La Provincia di Reggio in Usa per presentare un progetto sulla sicurezza stradale

CATALFAMO (1)Il reale monitoraggio della rete stradale di competenza della Provincia di Reggio Calabria sarà possibile grazie ad una speciale dotazione tecnologica dei veicoli dell’Ente e la gestione delle informazioni attraverso una specifica piattaforma informatica. Il progetto elaborato dall’ing. Domenica Catalfano, in collaborazione con i suoi colleghi Cosimino Lanciano e Giuseppe Amante, è stato recentemente illustrato dalla stessa dirigente del settore “Viabilità e Trasporti” dell’Amministrazione di palazzo “Corrado Alvaro” alla conferenza internazionale sulla sicurezza stradale “Road Safety & Simulation 2015”, ospitata a Orlando in Florida per iniziativa dell’University of Central Florida e dell’Università del Tennessee, Knoxville. Il progetto in questione, che assieme ad un altro elaborato era stato accettato nel 2013 nella conferenza romana sulla sicurezza stradale, negli Usa ha ricevuto gli onori della categoria “Podium presentation”. L’idea progettuale è nata nel 2011 dall’esigenza di ottimizzare (come disposto dal decreto legislativo n.35/2011) la spesa per adeguarla alla pesante contrazione dei trasferimenti statali alle province. Per la sua realizzazione, il Settore Viabilità e Trasporti si avvarrà di un finanziamento del Ministero delle Infrastrutture e Trasporti nell’ambito del Piano nazionale per la Sicurezza Stradale. Lo stesso Ministero, nel riconoscere la validità del lavoro in questione, ha accolto la proposta dell’Ente guidato da Giuseppe Raffa di rendere disponibile la propria esperienza ad altri soggetti pubblici – comuni, province, città metropolitane – che hanno in gestione almeno il 70% della rete stradale extraurbana e il totale della viabilità comunale.

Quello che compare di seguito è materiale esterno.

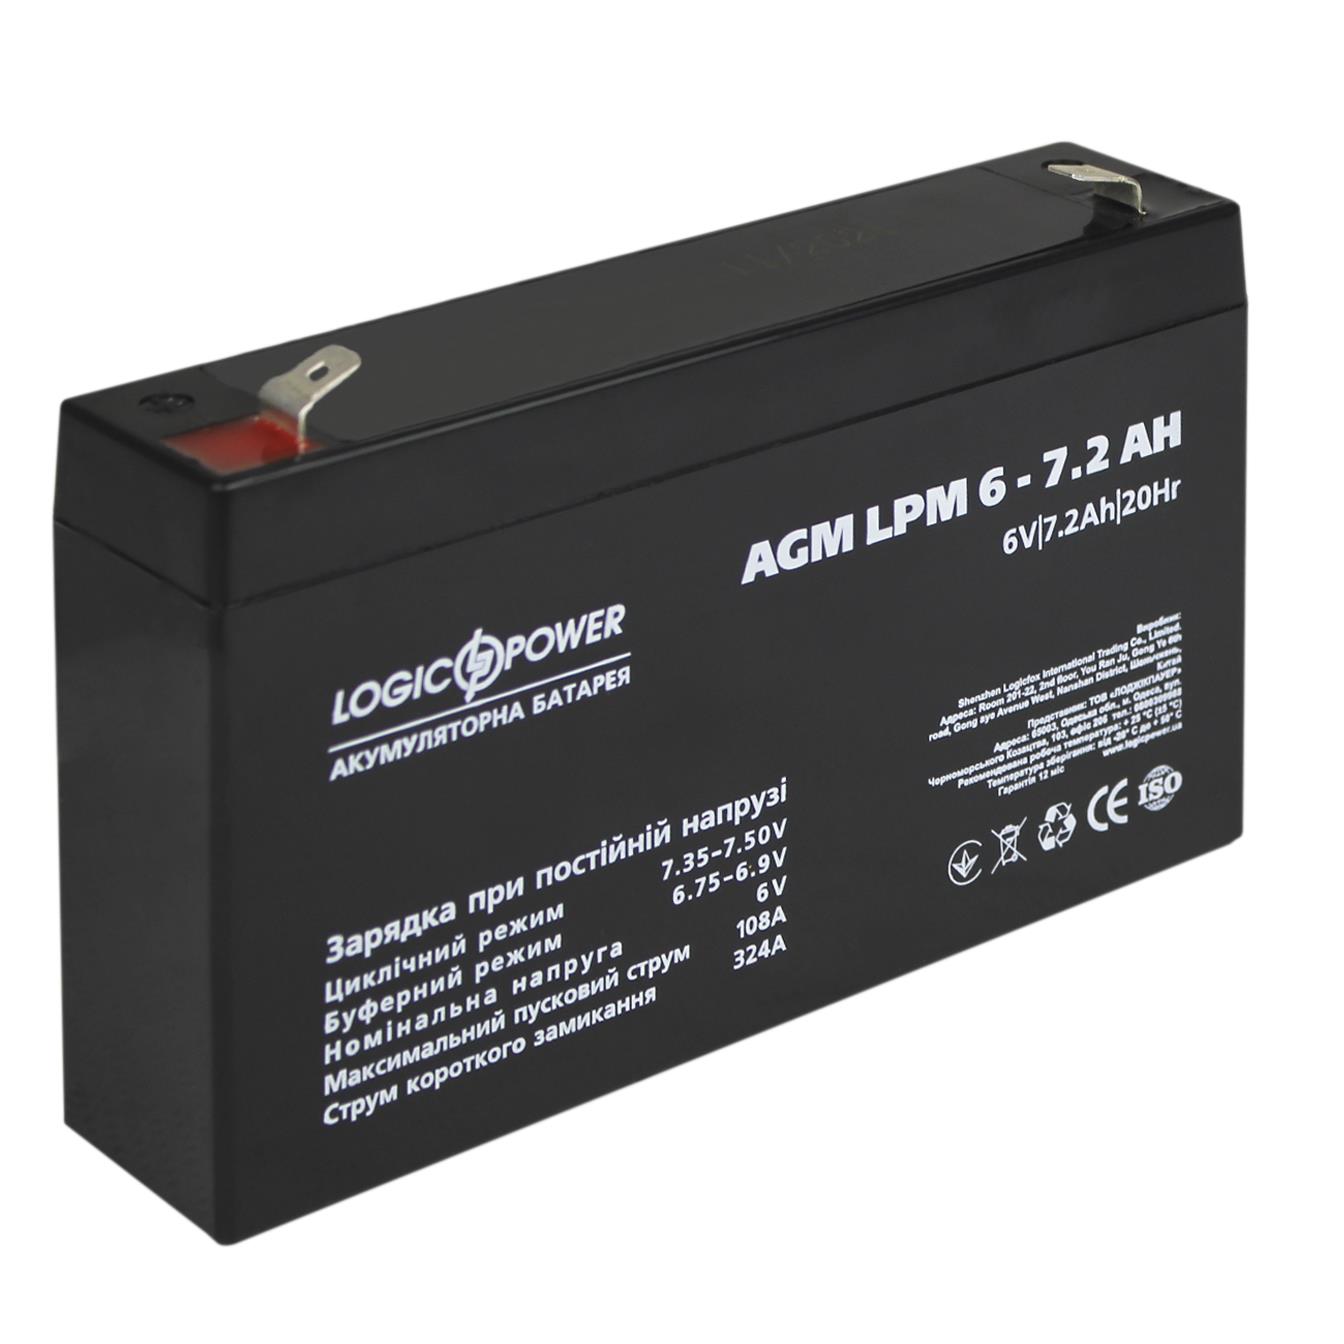 в продаже Аккумулятор свинцово-кислотный LogicPower AGM LPM 6V - 7.2 Ah (3859) - фото 3

L’attuazione del progetto rappresenta un’importante CATALFAMOinnovazione nel settore del controllo della sicurezza stradale che oggi viene svolto dalla figura storica del cantoniere che, assieme ai tecnici, per raccogliere informazioni su un segmento di viabilità è costretto ad eseguire operazioni complesse che prevedono più volte l’interruzione della marcia dell’auto, prendere appunti, fotografare. Il tutto da catalogare e passare alle istanze superiori. Tutto questo, ovviamente, rallenta e dilata i tempi di gestione e d’intervento. Il progetto innovativo consiste in un sistema informativo con protagonista la dotazione tecnologica del veicolo aziendale e di installazioni fisse (meteo, traffico e sensori) che provvederanno a trasmettere altri dati. Tutte le informazioni finiscono in un apposito server attraverso un software i cui dati sono facilmente decodificabili da tutti gli operatori e tecnici sia della sede aziendale sia da quelli in missione attraverso il tablet o lo smartphone. Il cuore del progetto è la speciale OBU (unità di bordo) composta da una piattaforma inerziale e GPS, integrata con altri moduli per comandi vocali e al volante dei mezzi preposti al controllo di tratti di viabilità, per la memorizzazione e la trasmissione dei dati. Con questo dispositivo, il conducente, senza la necessità di ulteriore unità operativa, potrà trasmettere dati direttamente dal percorso stradale attivando i comandi vocali o quelli al volante, nonché da apposite telecamere senza dover interrompere la marcia del veicolo. In tempo reale, tutte le informazioni saranno geo referenziate e trasmesse al server della centrale. L’hardware dell’autoveicolo consentirà inoltre l’installazione di altre dotazioni e software per il riconoscimento dello stato e della presenza di segnaletica o di situazioni di dissesto.n“Il riconoscimento ottenuto dall’Amministrazione provinciale alla conferenza di Orlando – afferma il presidente Giuseppe Raffa- premia le professionalità dell’Ente e le ripaga dell’impegno per garantire la sicurezza lungo gli oltre 1800 chilometri di strade di nostra competenza. Con una punta di orgoglio, mi piace evidenziare come la Provincia di Reggio Calabria sia stata l’unica pubblica amministrazione internazionale ad essere ammessa alla conferenza americana alla quale, per l’Italia, hanno preso parte tre atenei: l’Università di Roma 3 e quelle di Catania e Padova, ammesse alla sessione poster”.